## YOUR GOAL
Each record beneath this line should be returned exactly as it is.

## SUPPLIED ENTRIES
--

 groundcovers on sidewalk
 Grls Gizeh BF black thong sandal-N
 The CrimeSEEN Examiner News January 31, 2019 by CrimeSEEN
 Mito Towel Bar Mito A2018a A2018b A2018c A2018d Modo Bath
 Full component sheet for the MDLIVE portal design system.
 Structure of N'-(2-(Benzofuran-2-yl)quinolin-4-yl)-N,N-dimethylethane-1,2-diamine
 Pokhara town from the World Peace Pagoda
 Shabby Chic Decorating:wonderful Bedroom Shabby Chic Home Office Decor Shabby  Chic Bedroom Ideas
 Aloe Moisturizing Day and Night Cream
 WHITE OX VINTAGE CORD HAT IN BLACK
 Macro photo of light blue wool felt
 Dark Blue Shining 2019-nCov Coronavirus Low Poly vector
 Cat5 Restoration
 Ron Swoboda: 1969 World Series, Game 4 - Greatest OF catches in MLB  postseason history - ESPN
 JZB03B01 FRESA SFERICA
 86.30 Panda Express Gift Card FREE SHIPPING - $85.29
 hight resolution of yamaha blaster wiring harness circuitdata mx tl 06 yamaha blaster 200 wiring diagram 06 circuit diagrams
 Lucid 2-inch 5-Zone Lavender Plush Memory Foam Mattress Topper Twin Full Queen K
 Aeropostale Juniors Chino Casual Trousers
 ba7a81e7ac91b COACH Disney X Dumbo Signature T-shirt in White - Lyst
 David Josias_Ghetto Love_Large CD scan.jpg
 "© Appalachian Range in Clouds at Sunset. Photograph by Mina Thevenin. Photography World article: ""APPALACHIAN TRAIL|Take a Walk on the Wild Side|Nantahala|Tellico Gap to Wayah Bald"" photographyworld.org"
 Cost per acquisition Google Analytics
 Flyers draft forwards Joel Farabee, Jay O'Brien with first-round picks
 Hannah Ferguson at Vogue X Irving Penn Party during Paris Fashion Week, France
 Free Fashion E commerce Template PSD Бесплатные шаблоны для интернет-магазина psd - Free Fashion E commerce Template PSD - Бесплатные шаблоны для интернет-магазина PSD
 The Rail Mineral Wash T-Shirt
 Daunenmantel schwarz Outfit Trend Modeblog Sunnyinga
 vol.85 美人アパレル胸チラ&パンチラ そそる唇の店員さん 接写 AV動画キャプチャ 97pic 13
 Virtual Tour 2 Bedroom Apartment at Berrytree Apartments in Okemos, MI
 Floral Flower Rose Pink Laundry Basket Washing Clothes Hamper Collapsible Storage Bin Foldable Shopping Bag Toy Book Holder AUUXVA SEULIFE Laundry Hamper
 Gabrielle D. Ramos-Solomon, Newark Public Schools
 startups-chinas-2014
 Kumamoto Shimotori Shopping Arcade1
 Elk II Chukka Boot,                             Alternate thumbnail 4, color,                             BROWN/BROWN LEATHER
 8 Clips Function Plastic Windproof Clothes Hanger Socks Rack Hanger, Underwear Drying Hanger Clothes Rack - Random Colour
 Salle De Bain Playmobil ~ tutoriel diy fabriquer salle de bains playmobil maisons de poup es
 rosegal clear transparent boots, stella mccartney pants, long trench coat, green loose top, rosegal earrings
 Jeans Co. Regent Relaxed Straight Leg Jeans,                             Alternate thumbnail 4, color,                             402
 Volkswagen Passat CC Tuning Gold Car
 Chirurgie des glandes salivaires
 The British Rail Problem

--

## PROBLEM SOLUTION
 groundcovers on sidewalk
 Grls Gizeh BF black thong sandal-N
 The CrimeSEEN Examiner News January 31, 2019 by CrimeSEEN
 Mito Towel Bar Mito A2018a A2018b A2018c A2018d Modo Bath
 Full component sheet for the MDLIVE portal design system.
 Structure of N'-(2-(Benzofuran-2-yl)quinolin-4-yl)-N,N-dimethylethane-1,2-diamine
 Pokhara town from the World Peace Pagoda
 Shabby Chic Decorating:wonderful Bedroom Shabby Chic Home Office Decor Shabby  Chic Bedroom Ideas
 Aloe Moisturizing Day and Night Cream
 WHITE OX VINTAGE CORD HAT IN BLACK
 Macro photo of light blue wool felt
 Dark Blue Shining 2019-nCov Coronavirus Low Poly vector
 Cat5 Restoration
 Ron Swoboda: 1969 World Series, Game 4 - Greatest OF catches in MLB  postseason history - ESPN
 JZB03B01 FRESA SFERICA
 86.30 Panda Express Gift Card FREE SHIPPING - $85.29
 hight resolution of yamaha blaster wiring harness circuitdata mx tl 06 yamaha blaster 200 wiring diagram 06 circuit diagrams
 Lucid 2-inch 5-Zone Lavender Plush Memory Foam Mattress Topper Twin Full Queen K
 Aeropostale Juniors Chino Casual Trousers
 ba7a81e7ac91b COACH Disney X Dumbo Signature T-shirt in White - Lyst
 David Josias_Ghetto Love_Large CD scan.jpg
 "© Appalachian Range in Clouds at Sunset. Photograph by Mina Thevenin. Photography World article: ""APPALACHIAN TRAIL|Take a Walk on the Wild Side|Nantahala|Tellico Gap to Wayah Bald"" photographyworld.org"
 Cost per acquisition Google Analytics
 Flyers draft forwards Joel Farabee, Jay O'Brien with first-round picks
 Hannah Ferguson at Vogue X Irving Penn Party during Paris Fashion Week, France
 Free Fashion E commerce Template PSD Бесплатные шаблоны для интернет-магазина psd - Free Fashion E commerce Template PSD - Бесплатные шаблоны для интернет-магазина PSD
 The Rail Mineral Wash T-Shirt
 Daunenmantel schwarz Outfit Trend Modeblog Sunnyinga
 vol.85 美人アパレル胸チラ&パンチラ そそる唇の店員さん 接写 AV動画キャプチャ 97pic 13
 Virtual Tour 2 Bedroom Apartment at Berrytree Apartments in Okemos, MI
 Floral Flower Rose Pink Laundry Basket Washing Clothes Hamper Collapsible Storage Bin Foldable Shopping Bag Toy Book Holder AUUXVA SEULIFE Laundry Hamper
 Gabrielle D. Ramos-Solomon, Newark Public Schools
 startups-chinas-2014
 Kumamoto Shimotori Shopping Arcade1
 Elk II Chukka Boot,                             Alternate thumbnail 4, color,                             BROWN/BROWN LEATHER
 8 Clips Function Plastic Windproof Clothes Hanger Socks Rack Hanger, Underwear Drying Hanger Clothes Rack - Random Colour
 Salle De Bain Playmobil ~ tutoriel diy fabriquer salle de bains playmobil maisons de poup es
 rosegal clear transparent boots, stella mccartney pants, long trench coat, green loose top, rosegal earrings
 Jeans Co. Regent Relaxed Straight Leg Jeans,                             Alternate thumbnail 4, color,                             402
 Volkswagen Passat CC Tuning Gold Car
 Chirurgie des glandes salivaires
 The British Rail Problem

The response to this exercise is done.